The main event of Lynch’s young life – the main event of his artistic inspiration – is also the main event of this book. As a child of maybe 12 or 13, playing out in the street with his brother John, the young David was astonished to see a naked, beautiful woman stumble up to them, dazed, bruised and bleeding and sit down on the kerb, evidently in shock. The Lynch boys did not have the maturity to understand what was happening – clearly the woman was a victim of domestic abuse. John burst into tears, but David did not – transfixed, horrified, even strangely exalted by the sight, which was preserved in its epiphanic strangeness by his own innocence and naivete. Or did he exaggerate that crucially uncomprehending naivete in retrospect? Who knows? Either way, it planted the radioactive seedling.

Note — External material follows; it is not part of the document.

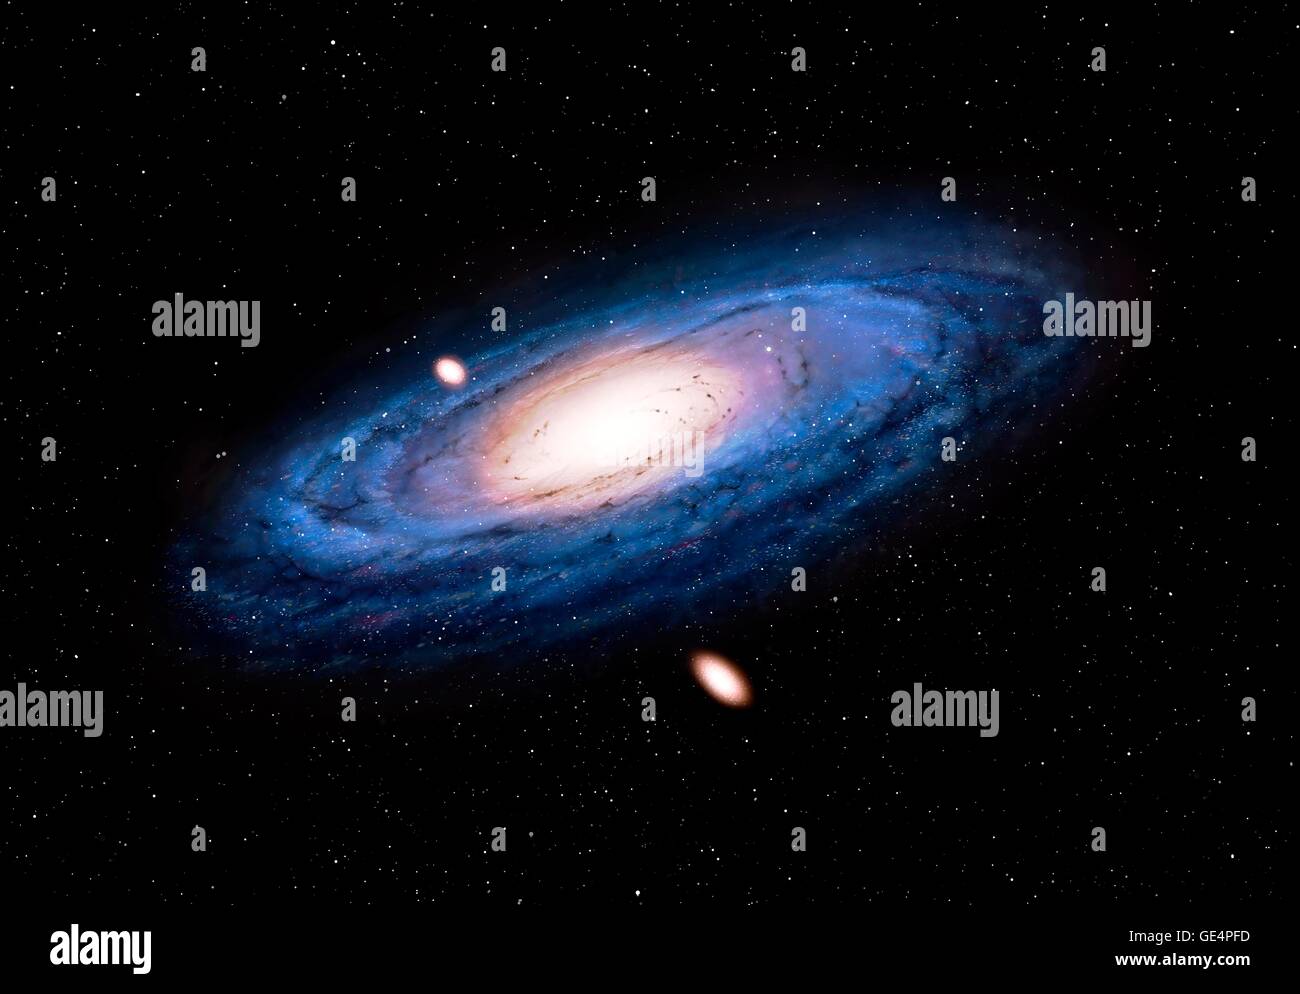 Andromeda-Galaxie, digitalen Kunstwerke. Andromeda ist die nächste große Galaxie zu unseren eigenen. Er misst rund 140 000 Lichtjahre über und ist befindet sich 2,5 Millionen Lichtjahre entfernt im Sternbild des gleichen Namens. Zwei seiner Satelliten Zwerggalaxien, M32 und M110, werden ebenfalls angezeigt. Stockfoto

Lynch’s movies, Higgs persuasively argues, are based on images, moods and ideas, flowering and metastasising from below into dreamscapes.
Higgs says that critics casually use the word ‘Lynchian’ without acknowledging that nothing is really ‘Lynchian’. Nobody was really influenced by him; nobody could be. I know what he means, although, as I say, he got to some images and ideas in the 1990s before other people. And perhaps Higgs could have talked about the proto-Lynchian movies that influenced him: The Wizard of Oz, and the films of Douglas Sirk. Martin Scorsese’s Shutter Island is pretty Lynchian, sharing the same modernist narrative trick-loop as Mulholland Drive (both Scorsese and Lynch were, at different times, in a romantic relationship with Isabella Rossellini); and maybe the most obviously Lynchian director is Steven Spielberg, for whom extra-terrestrials were at home in American suburbia. It was Spielberg who had the inspired idea of casting Lynch as John Ford in his autobiographical movie The Fabelmans.
Higgs dwells on the bizarrest Lynchian aftershock. The director dismayed his progressive fanbase by claiming that Donald Trump could be a great president because ‘he has disrupted the thing so much’. A very overexcited and muddled Trump seized on this comment and told a rally: ‘David Lynch could go down as one of the greatest presidents in history!’ That suit, that long red tie, that strange quiffy hair. He looks like a minor nightmarish villain for whom only one adjective is applicable.